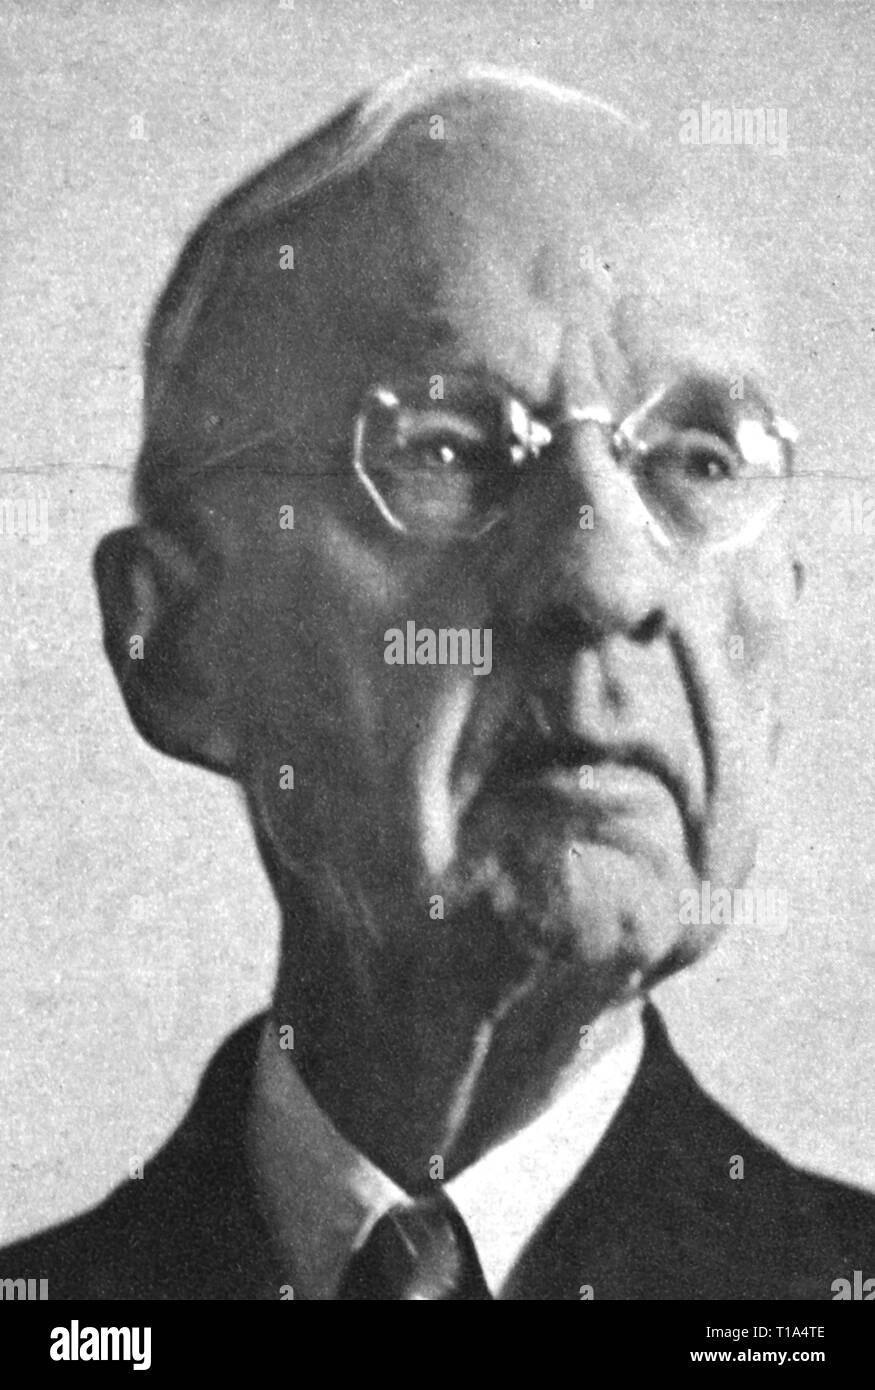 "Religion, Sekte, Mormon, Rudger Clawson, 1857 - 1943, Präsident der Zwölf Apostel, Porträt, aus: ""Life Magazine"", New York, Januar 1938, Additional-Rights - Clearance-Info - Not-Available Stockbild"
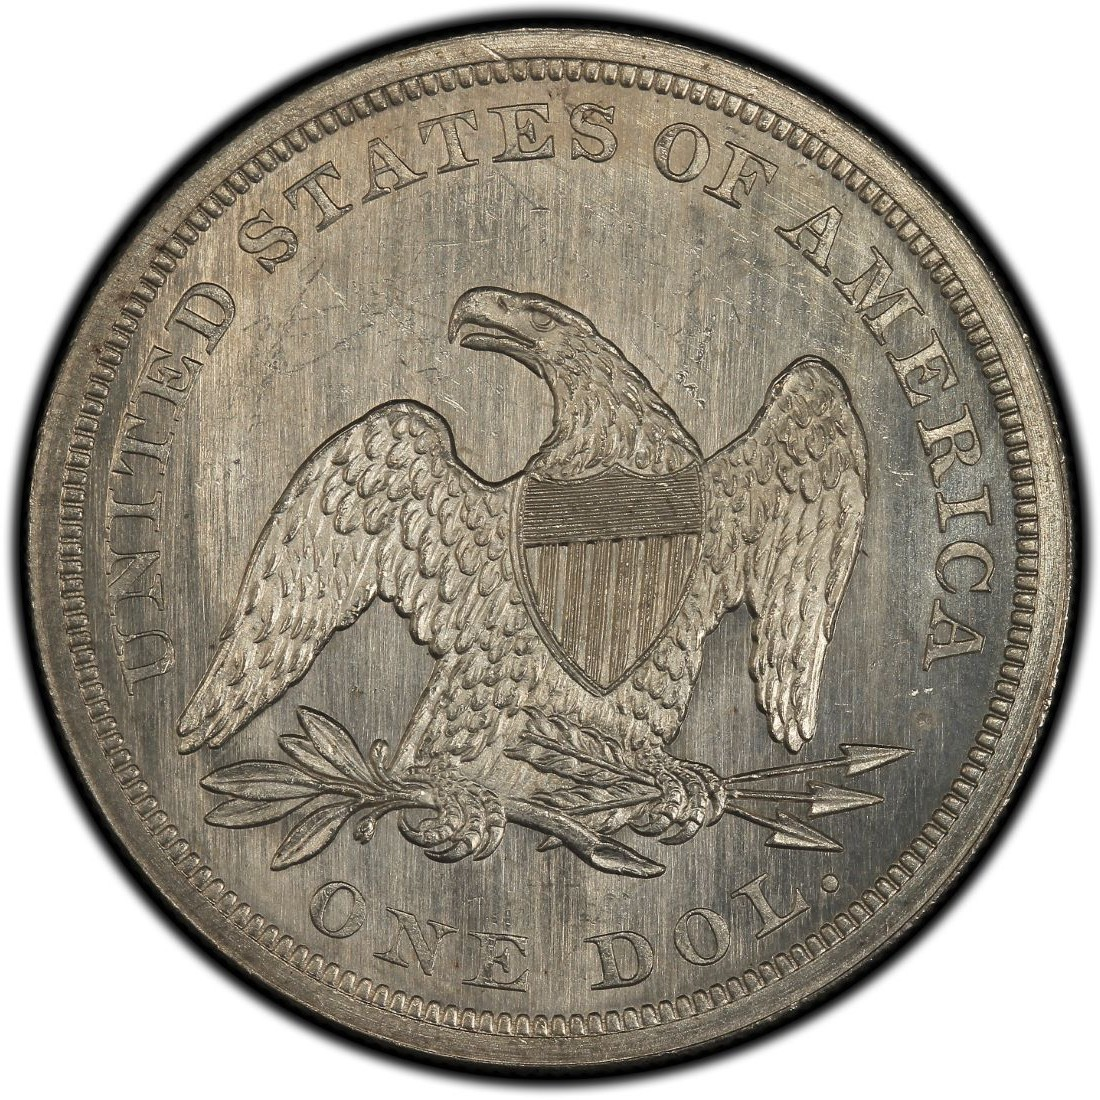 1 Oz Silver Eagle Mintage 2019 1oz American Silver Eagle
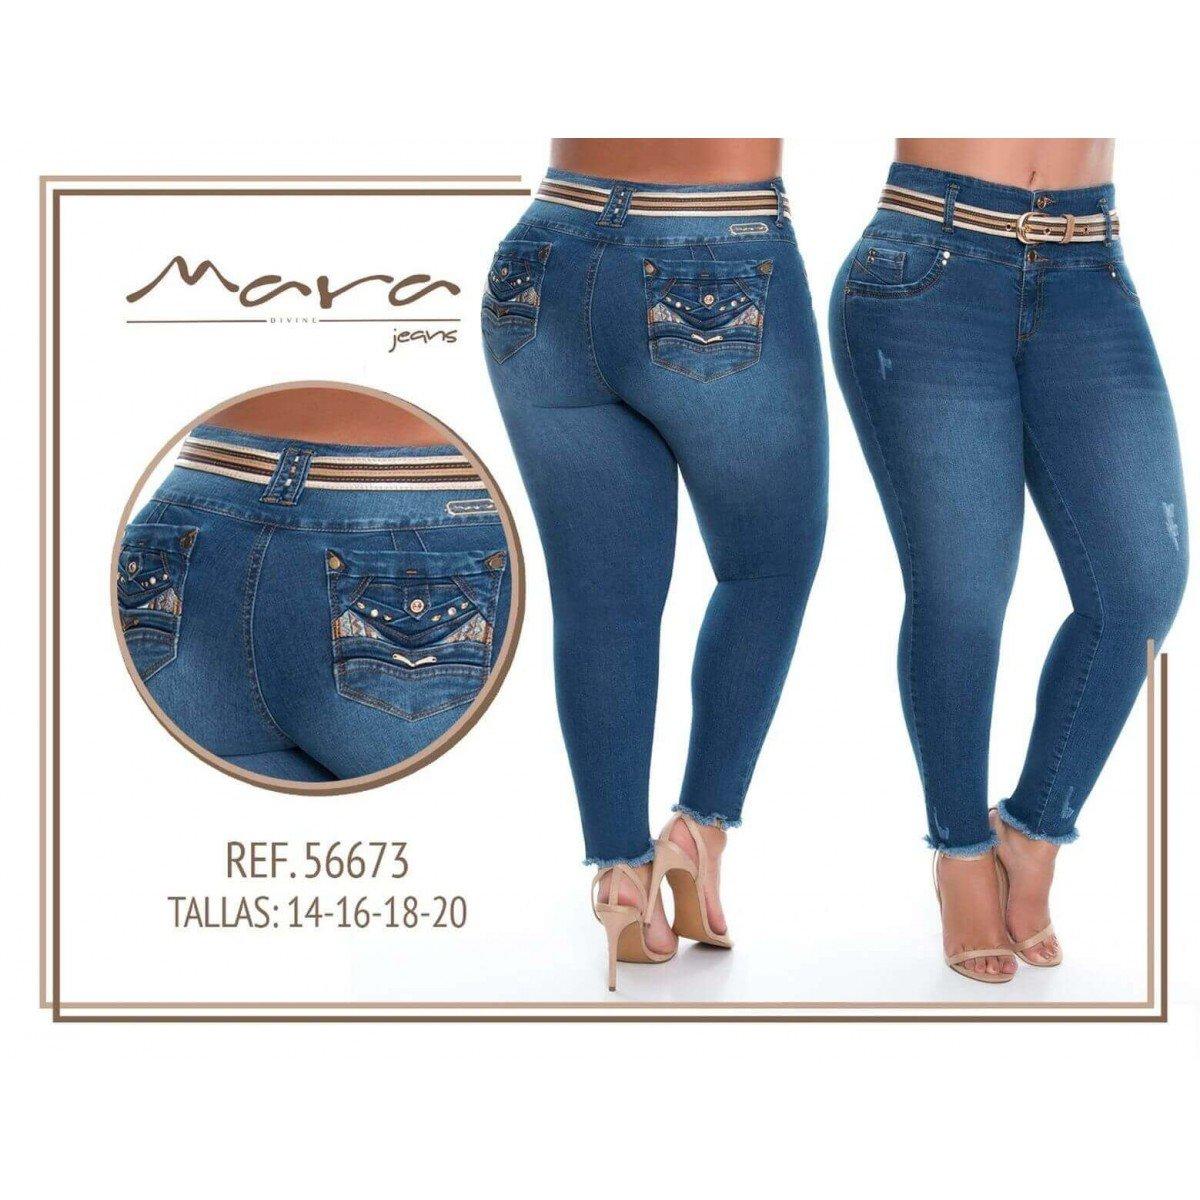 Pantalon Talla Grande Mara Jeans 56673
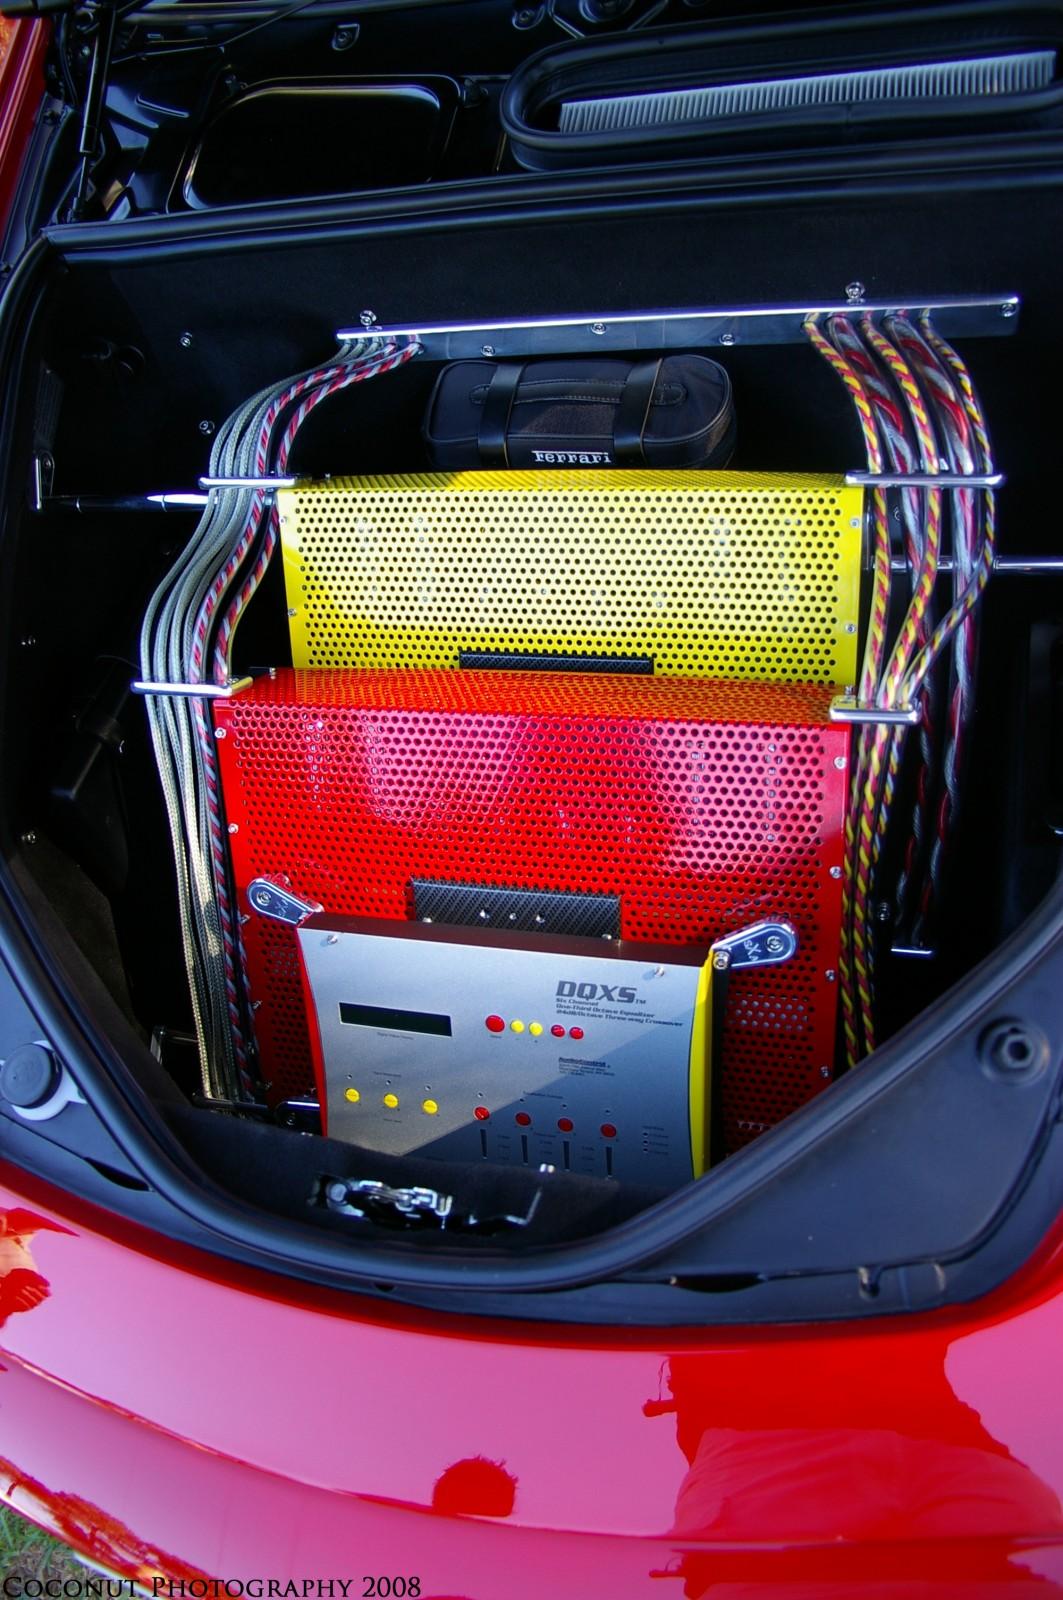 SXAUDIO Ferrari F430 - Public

□ □ □

Copy all the material word for word, minus its pictures.

 "Religion, Sekte, Mormon, Rudger Clawson, 1857 - 1943, Präsident der Zwölf Apostel, Porträt, aus: ""Life Magazine"", New York, Januar 1938, Additional-Rights - Clearance-Info - Not-Available Stockbild"
 1 Oz Silver Eagle Mintage 2019 1oz American Silver Eagle
 Pantalon Talla Grande Mara Jeans 56673
 SXAUDIO Ferrari F430 - Public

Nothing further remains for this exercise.